Instructions to follow
Reproduce the lines below exactly. Skip images.

Stored data
'''
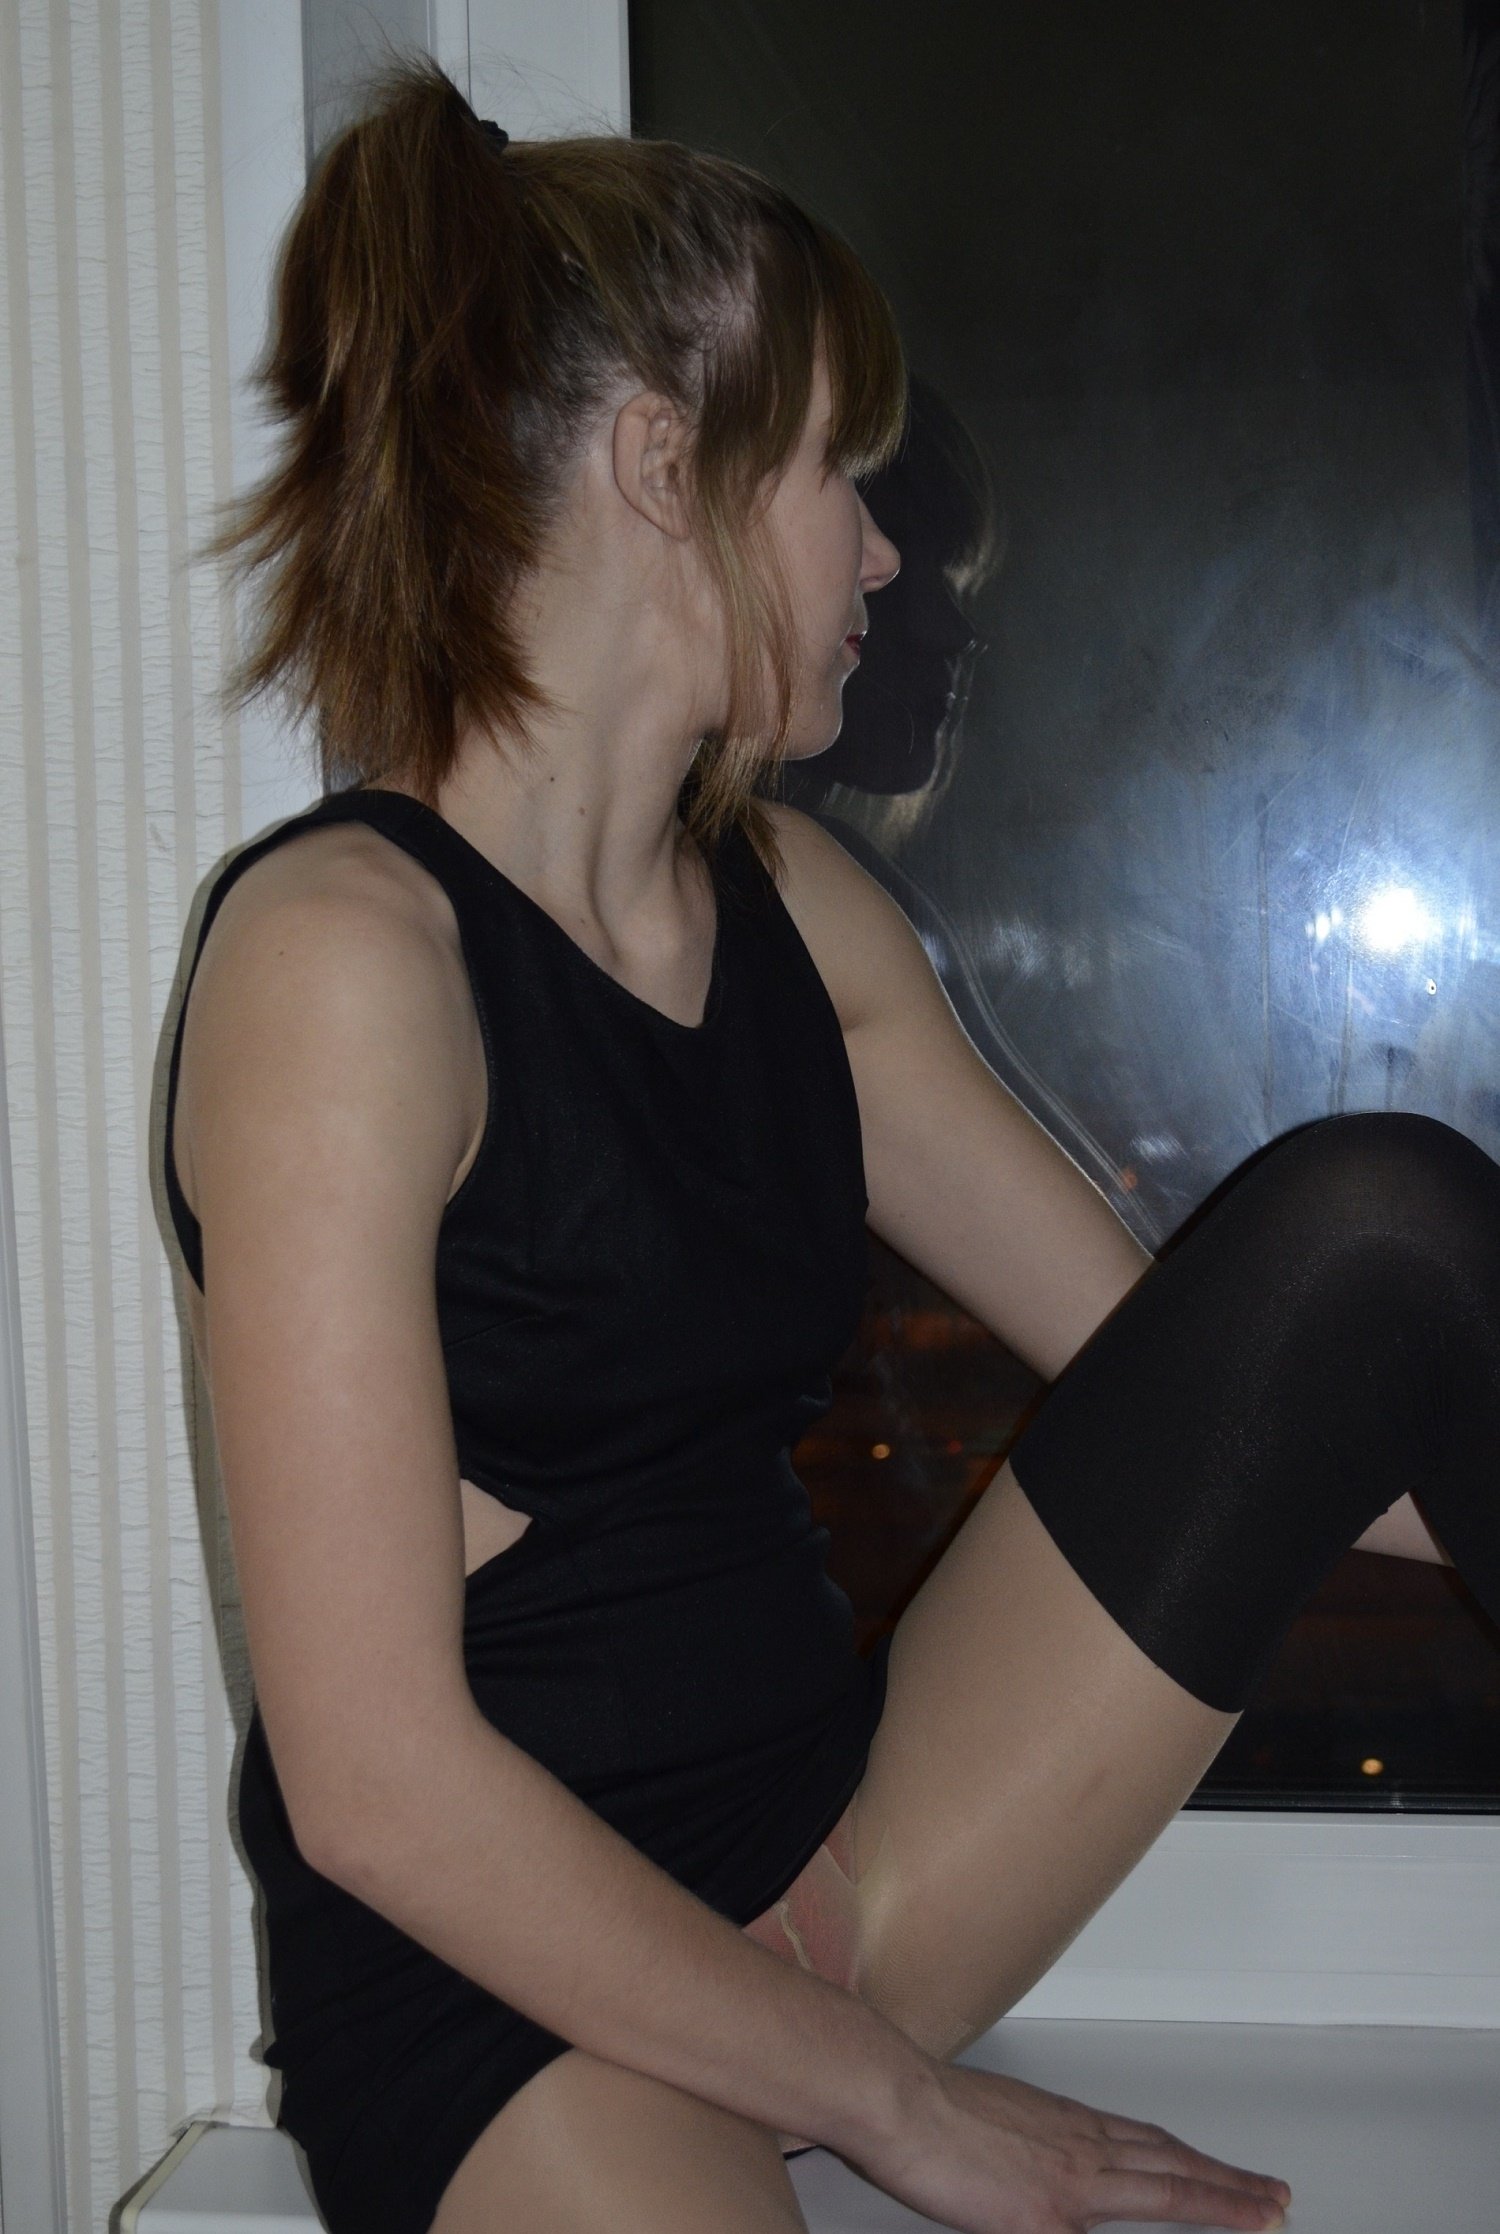 Проститутка Света возрастом 21 с ростом 168 см для интима в Москве
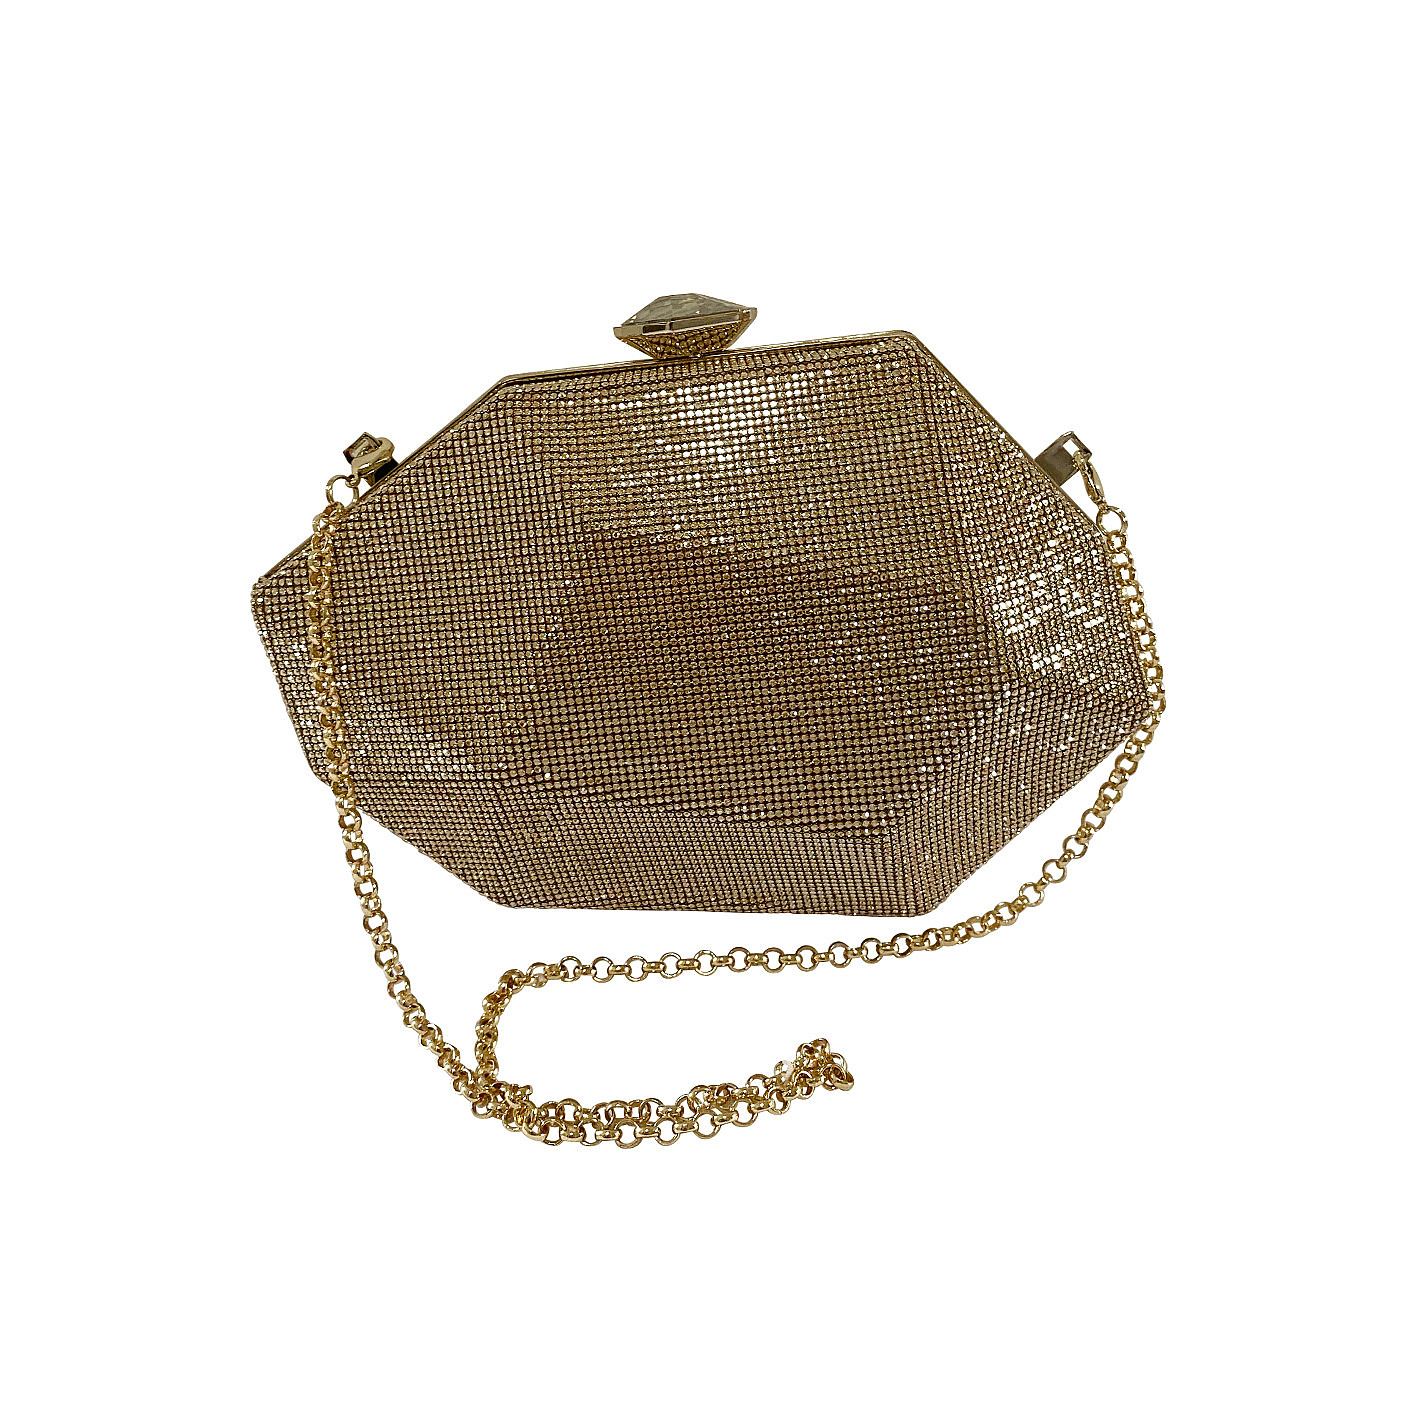 Atelier Swarovski Crystal geometric clutch with chain gold
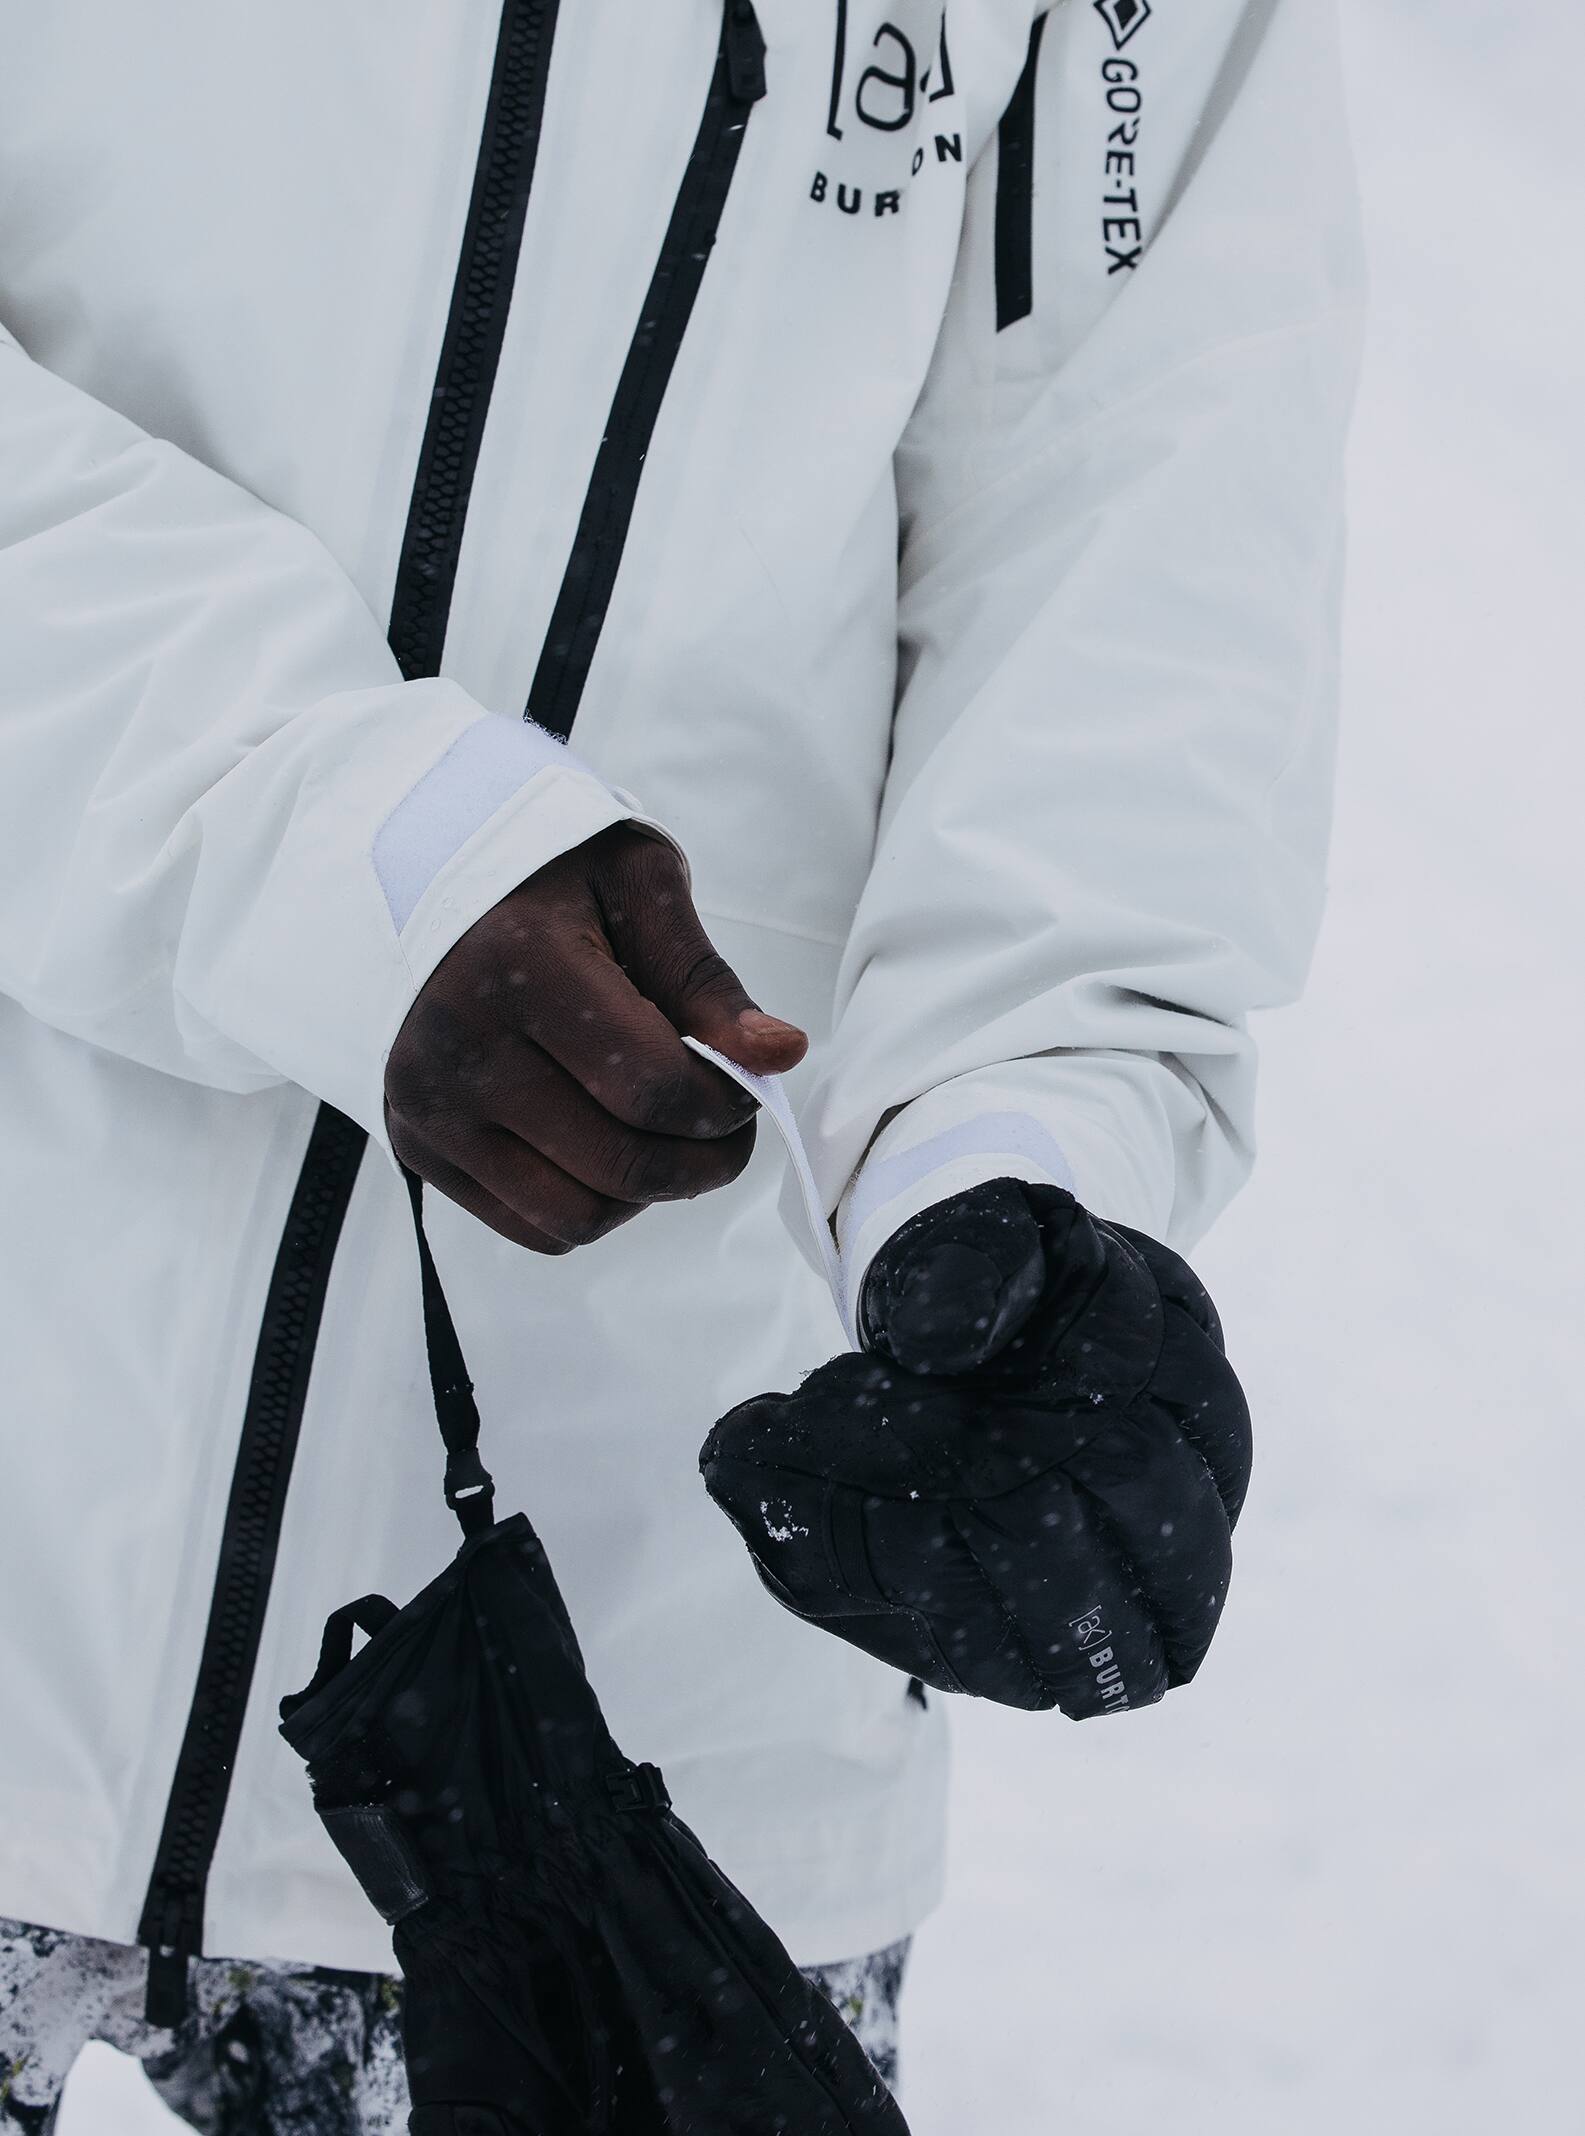 Men's [ak] Cyclic GORE‑TEX 2L Jacket | Burton.com Winter 2023 US
'''
Exercise result
 Проститутка Света возрастом 21 с ростом 168 см для интима в Москве
 Atelier Swarovski Crystal geometric clutch with chain gold
 Men's [ak] Cyclic GORE‑TEX 2L Jacket | Burton.com Winter 2023 US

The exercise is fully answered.